His selection as the 1972 Olympic Coach was to continue his unparalleled run as an Olympic participant. The run had taken him through the 1960, 1964 and 1968 Olympics as a player and the 1972, 1976, 1980 and 1984 Olympic Games as a Coach for his country. In doing so he established the Gaze legend which was to be enhanced and continued by his son Andrew who played in the 1984, 1988, 1992, 1996 and 2000 Olympics and was the Australian Olympic Flag Bearer at the Opening Ceremony in the Sydney 2000 Olympic Games.
Under Lindsay’s guidance and leadership as the Coach, the Australian Men’s Basketball Team travelled the world and established a reputation as a top ten and then a top seven team with the best ever Australian result for a Men’s World Championship in Columbia in 1982 when the Australians finished 5th.
Lindsay continued coaching the Melbourne Tigers (previously Melbourne Church) through the nineteen seventies and eighties. Highlights were the Tigers winning their first National Basketball League (NBL) Championship in 1993 and then again in 1997. He was named as the NBL Coach of the Year in 1989, 1997 and 1999. Lindsay retired from coaching the Tigers in 2005 after an outstanding career as a player and coach over a period of some 50 years. In the NBL he had coached for 22 seasons, in 689 games and had 363 wins. He continues to coach juniors for the Tigers Club.

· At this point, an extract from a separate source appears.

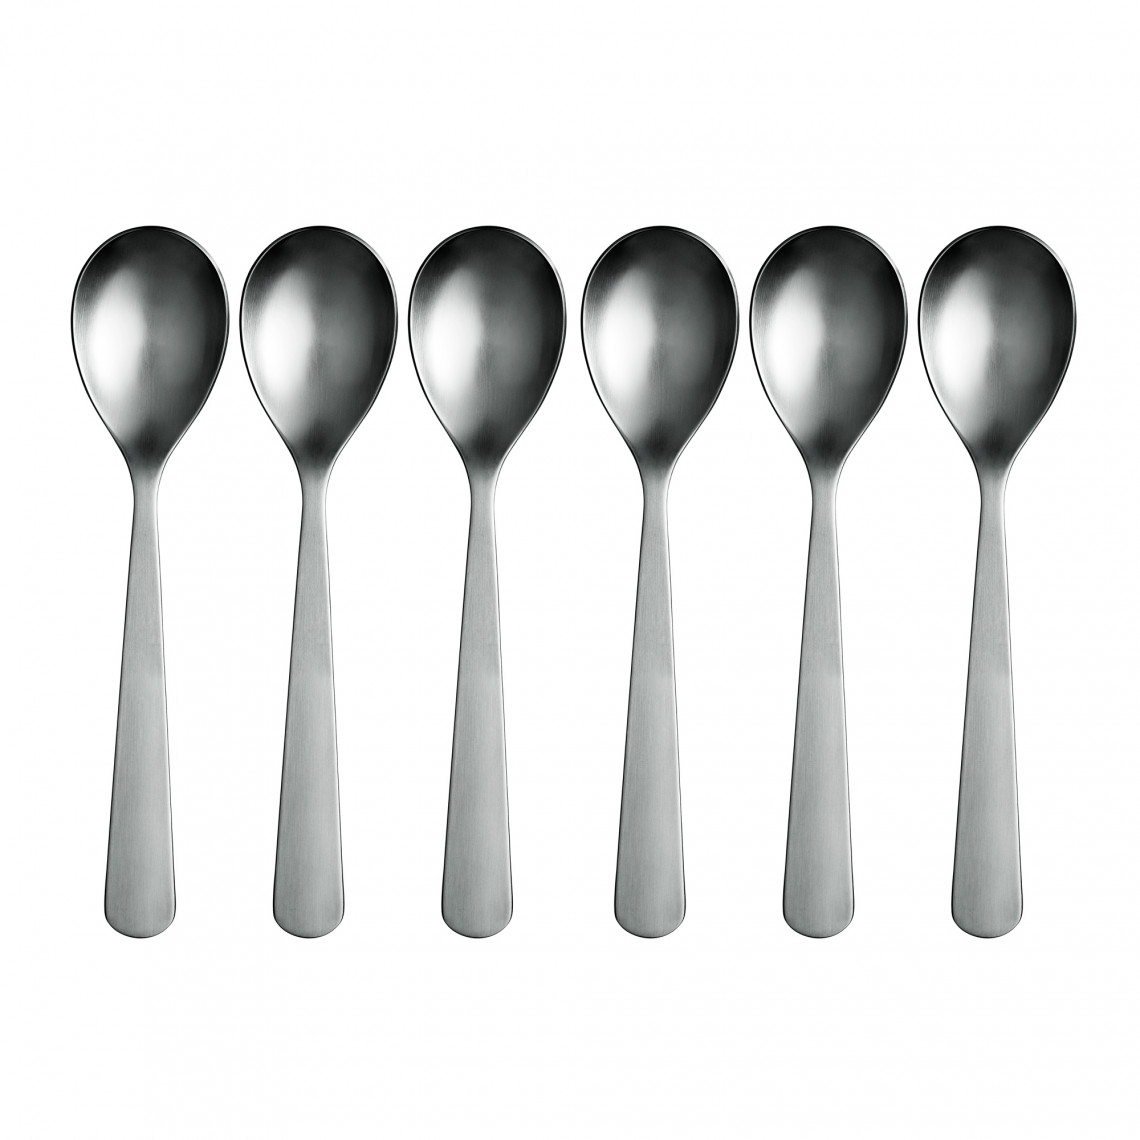 Skedar Normann Cutlery Spoons - 6 pack

Lindsay Gaze was awarded the Coach of the Year in 1980 by Sport Australia, and was inducted into the Australian Basketball Hall of Fame as a Coach when the Hall of Fame was established in 2004. He was awarded an Order of Australia Medal (OAM) for services to basketball, and was inducted into the Sport Australia Hall of Fame in 1989. He was a member of the FIBA Technical Commission (now retired) and was honoured with the Radomir Sharper award for services to officiating and basketball rules.
Lindsay Gaze is synonymous with men’s basketball in Australia. His contributions to the game as a player, coach and administrator have been immense. Basketball in Australia will always be in his debt.
In 2010 Lindsay Gaze was named as a Legend by the Basketball Australia Hall of Fame and was inducted into the FIBA Hall of Fame as a Coach.